Ladies and gentlemen,
The Boston Global Forum has worked a lot with important issues regarding AI and other matters relating to digitalisation. Let me now give som perspectives on those issues.
The pandemic has served as a catalyst for an accelerating digitalisation. Digitalisation and artificial intelligence raises questions that need to be addressed. When and how to share data and information is for instance a central question for all companies and government agencies working with data driven methods. It is now more important than ever that we all work for technology that is trustworthy, secure and human-centric.
I would like to mention a couple of examples of issues that are topical in Sweden and that concern rule of law and inclusivity, in a time when more and more of the activities of our public agencies are being digitalised.

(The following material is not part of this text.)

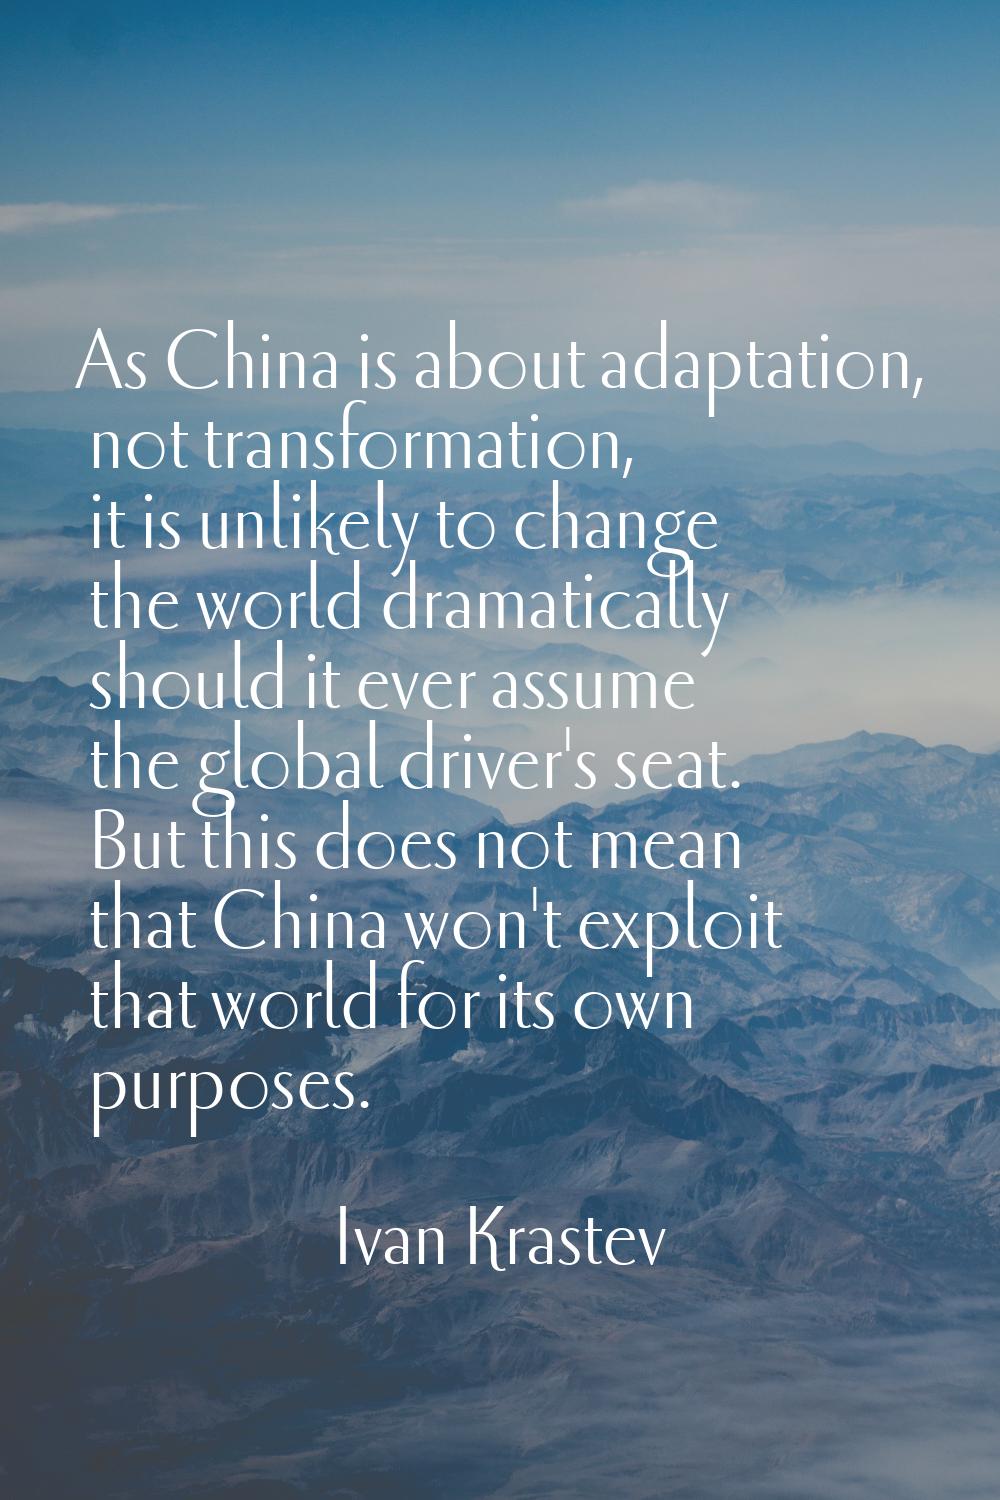 As China is about adaptation, not transformation, it is unlikely to change the world dramatically s

The Swedish National Audit Office has examined whether automated decision-making by government agencies is effective and efficient, without jeopardising legal certainty in decision-making.
The overall conclusion is that automated decision-making by government agencies has led to increased effectiveness and efficiency and that fundamental legal certainty aspects have improved to some extent. However, there are shortcomings in the agencies’ processing of cases with a high risk of fraud and error. In addition, there is far too limited follow-up of the correctness of automated decisions. There is therefore a risk that resources for manual control and follow-up have too frequently been accorded too low a priority.
Another audit shows that the accessibility of government agencies has deteriorated in non-digital channels. Digitalisation of government agencies’ activities contributes to more efficient and improved service for citizens. But for many people, being able to access services by phone or by visiting in person is still important.
The audit shows that many public agencies have become less accessible in non-digital channels in the past ten years.
Agencies’ customer contacts in digital channels have increased significantly, but despite this, the number of phone calls has not decreased. Simpler cases are now often managed online, at the same time as more phone calls come from people needing guidance on how to use such online services.
The conclusion is that digitalisation of the public agencies’ services represents good management of central government resources. Nevertheless, the opportunity to contact agencies by phone and at a physical office is still important.
These are examples of questions that need to be taken into account in the continued digitalisation process.
Ladies and gentlemen,
Martin Luther King said “Only in the darkness can you see the stars”.
Right now, our need for hope and light is perhaps greater than usual, as well with regard to the pandemic as with regard to democracy. But we can all take comfort in the fact that the light will return to our societies. In the long run, light is always more powerful than darkness.
Democracy is facing challenges, but we all have to do our utmost to defend it. I am hopeful that we will succeed. Let us, together continue to develop our countries and the global society along a path built on the cornerstones of democracy.
Because in unsettled times, democracy is the beacon of light that can guide us through the darkness.